4.3 Intentional and unintentional gestures
In designing gesture sets, emphasis is often placed on adopting gestures that are intentional or
unintentional with respect to the system. A typical example of an intentional gesture is pointing at
an object in order to select it, or waving your hand in front of a door to open it. Unintentional gestures
in this context are gestures made for some other purpose (e.g. walking towards an automatic door,
sitting down in the driver seat of a car), or gestures made subconsciously (e.g. body language). Such
unintentional learnable gestures are particularly suited to general situations where the user might not
be trained, when the user must learn the system quickly, or when the user must use the system under
conditions of stress (e.g. time pressure).
Intentionality in gestures could also enable increased discriminability between them, thereby reducing
inadvertent activation. For example, when it is desired not to activate an automatic door, many people
stand still and avoid gesturing in front of the doors, knowing they are prone to open unintentionally.
4.4 Matching gestures and functionality
A gesture is the result of the user’s intention to create a message for a recipient or computer while
mapping it to the movement of the body or parts of the body, typically the upper limbs. Figure 1
illustrates variations of the intention applicable when gestures are expressed to an ICT system. The
user on the left is interacting with a gesture interface on the right, using a selection of gestures from
a gesture set. The user has an intention to transmit, and can make use of posture and movement.

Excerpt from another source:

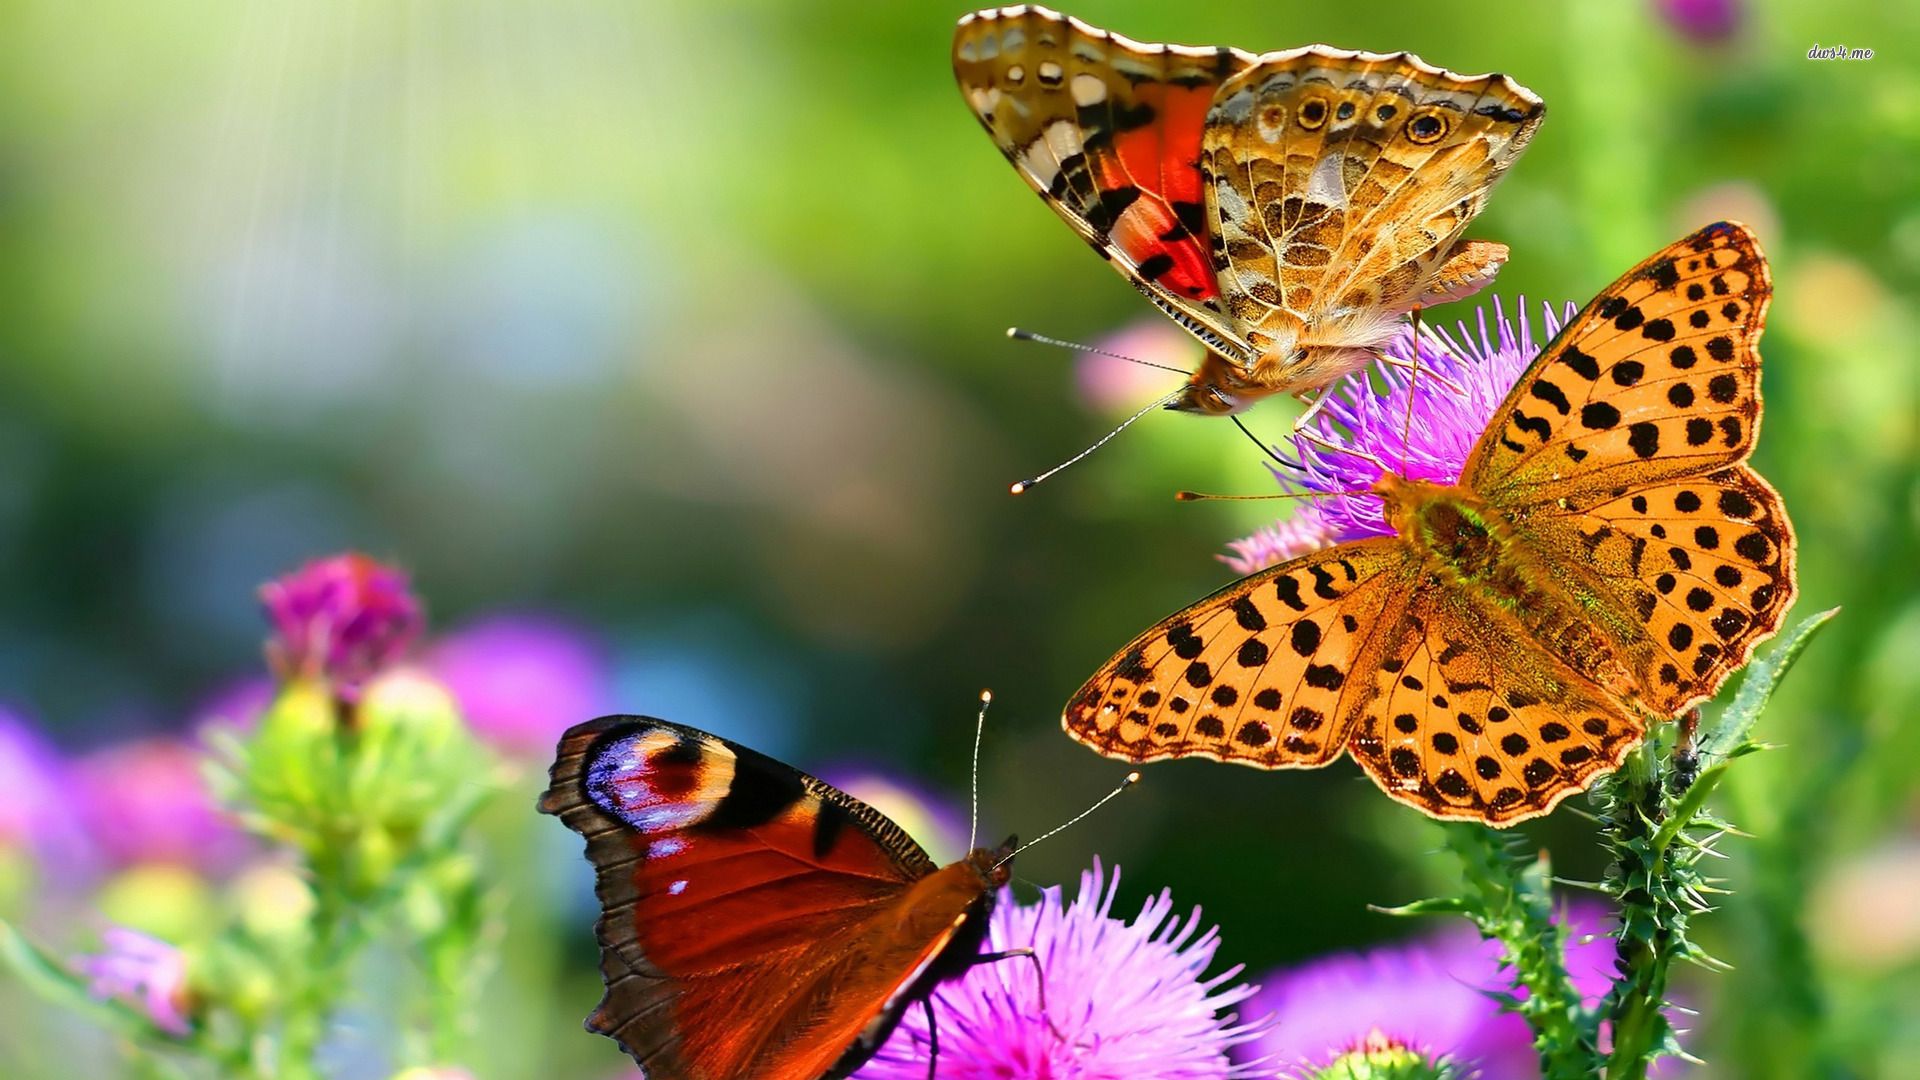 The Best Butterflies Live Wallpaper On Android HD Wallpaper Free Download Wallpaper & Background Download

His choice of gestures may be intentional, or unintentional, depending on the situation. The gesture
interface could provide feedback on the system's interpretation of the gesture, or even feedforward
information to aid the user in completing the gesture (see 6.2 for further guidance on gesture features).
There is a continuum between interpreting gestures when controlling physical artefacts, such as
directly manipulating a slider, and interpreting a gesture as some abstract symbol. Another continuum
of mappings exists between matching gesture sets with the functionality of an interactive system
overall and its context of use.
Identification of unintentional gestures is often avoided by requiring the user to signal the start and
end of a gesture explicitly through some technical approach such as touching/releasing a screen with
the fingers. All such touches will be interpreted as intentional gestures.

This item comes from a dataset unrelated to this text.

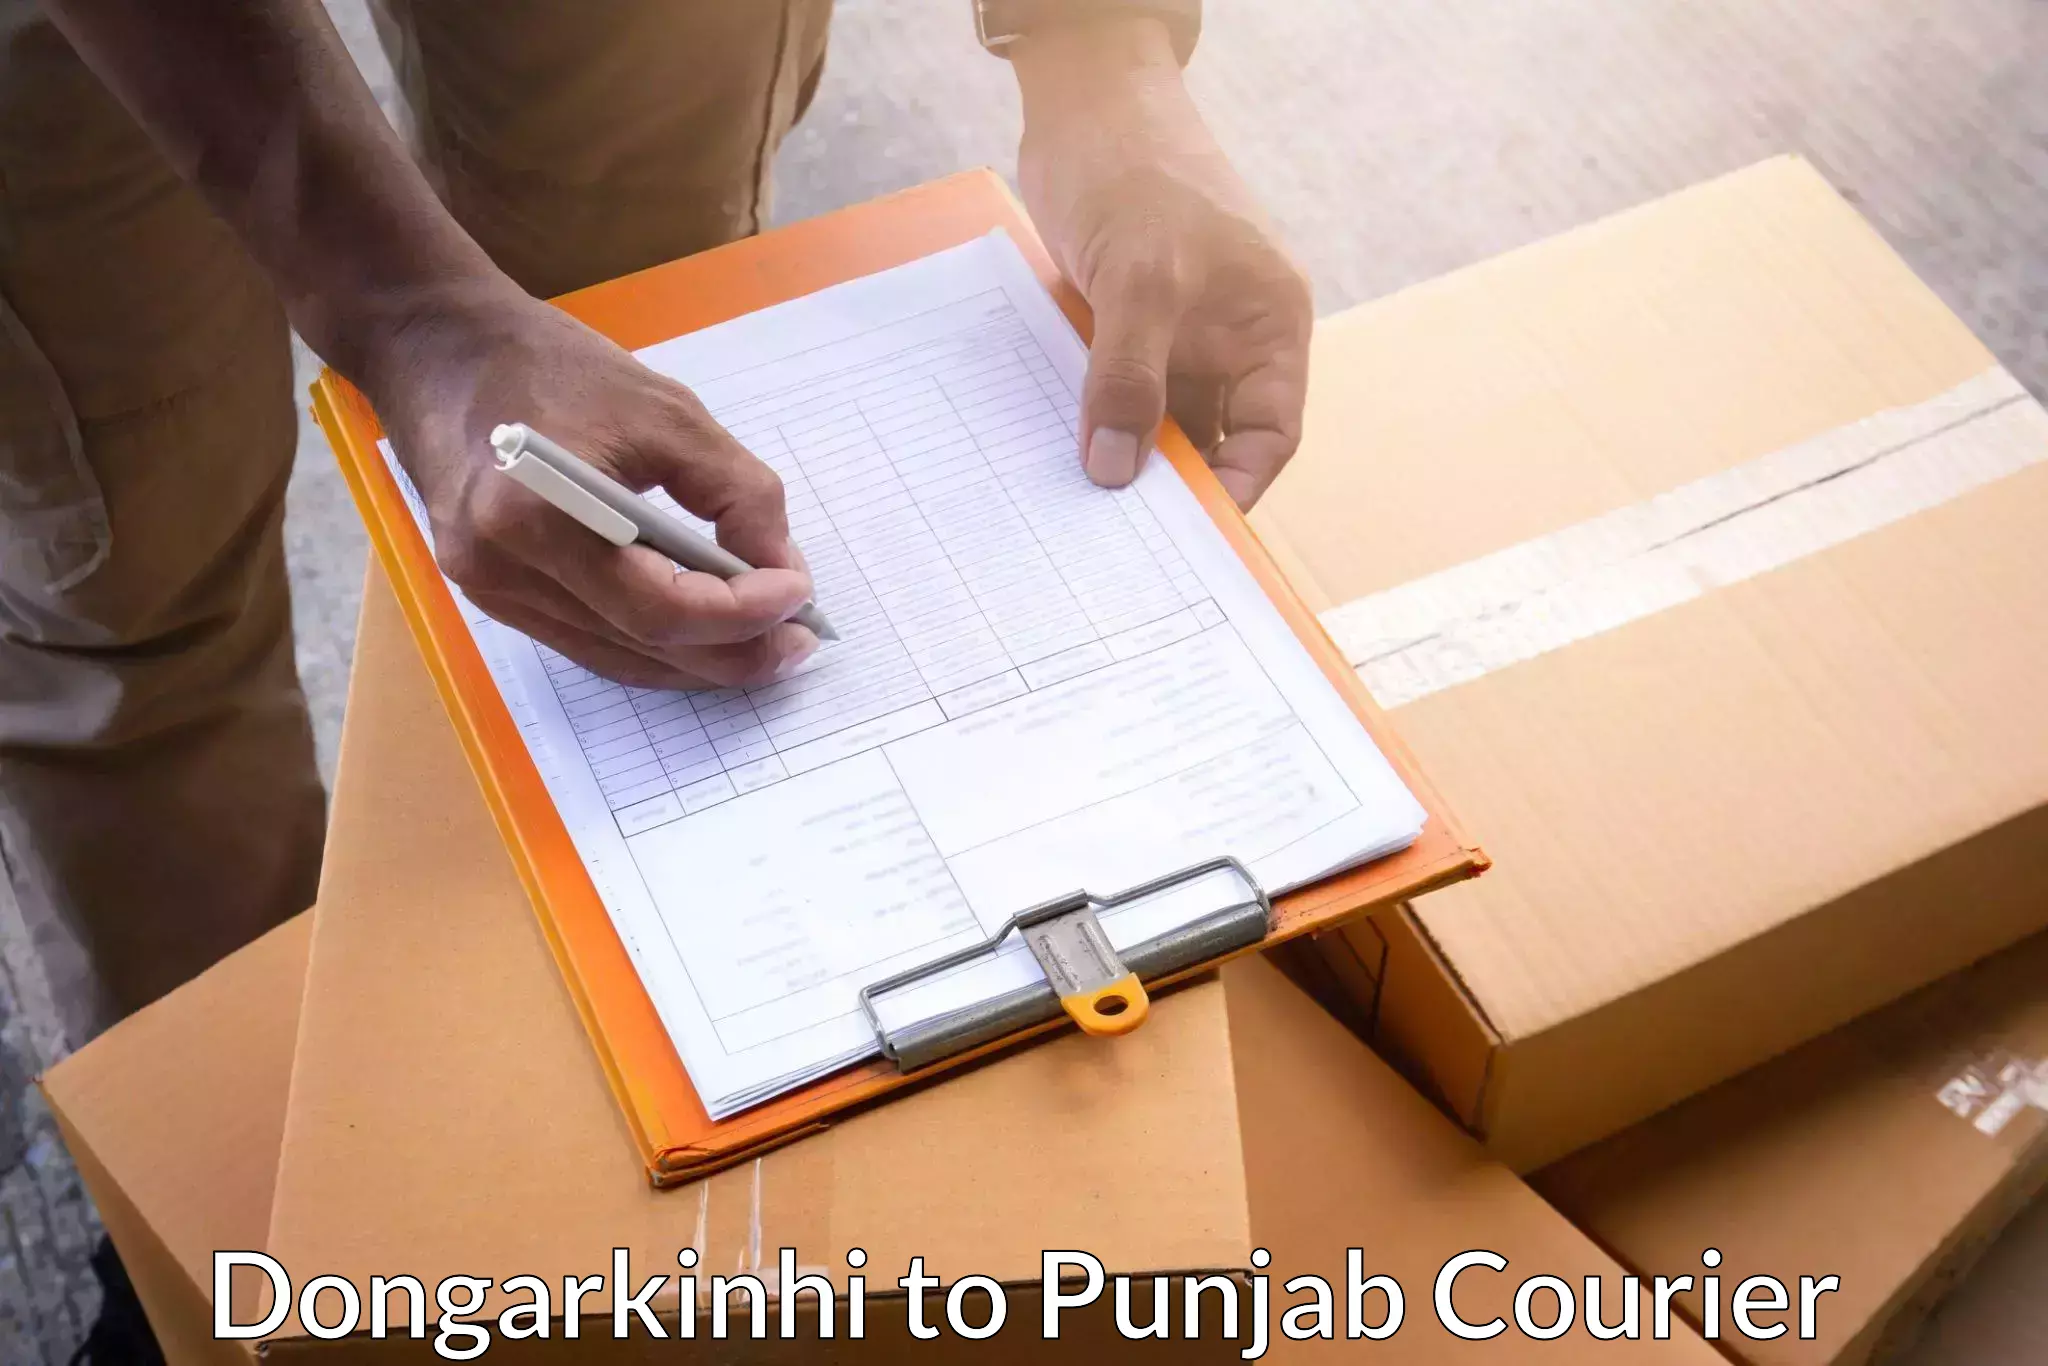 On-call courier service Dongarkinhi to IIT Ropar

Mappings should take existing manual operations such as handwriting into account. Simple handwriting
might be applicable to gestural interpretation but, typically, handwritten language is far more complex
than a gesture vocabulary.
The matching process is applicable to user-centred design principles and, therefore, evaluation
methods can be applied. ISO 9241-940 provides guidelines on how to evaluate gestures to be used with
tactile/haptic devices. Some user groups can have special needs. In addressing them, a special set of
gestures might be required, or completely different input alternatives might be needed.
EXAMPLE 1 A multi-touch gesture consisting of circulating thumb and forefinger around each other while
touching a screen can be interpreted as a gesture command to change the orientation of an image. However, it
can also be seen as the direct manipulation of the image's orientation if its presentation is updated continuously.
EXAMPLE 2 Switching between intentional and unintentional gestures occurs commonly on haptic devices.
Blind people read braille with a finger while touching a braille display. At the same time such finger movements
can express some intentional or unintentional gesture, if the braille display is touch sensitive. Technically,
disambiguation can be based on the position or speed of movement of the finger over the tactile display. On one
hand the reader can read braille being not aware of any such monitoring, on the other hand the intention can be
formed to turn reading movements into gestural input.
NOTE The overall gestural interaction between the user and the ICT system is not discussed here and
requires further guidance.
ISO 9241-960:2017(E)
Figure 1 — Overview of gestures made by a user for a gesture interface
5 Ergonomics of gestures
5.1 Ergonomic constraints and features
Gestures that are performed repetitively should not create unnecessary fatigue in the body parts which
are to be posed or moved during the gesture.
a) Users should be involved in determining the need for such repetitions.
b) If repetitive gesturing is unavoidable, hazard identification, risk estimation, risk evaluation and
risk reduction should be performed in order to avoid musculoskeletal disorders.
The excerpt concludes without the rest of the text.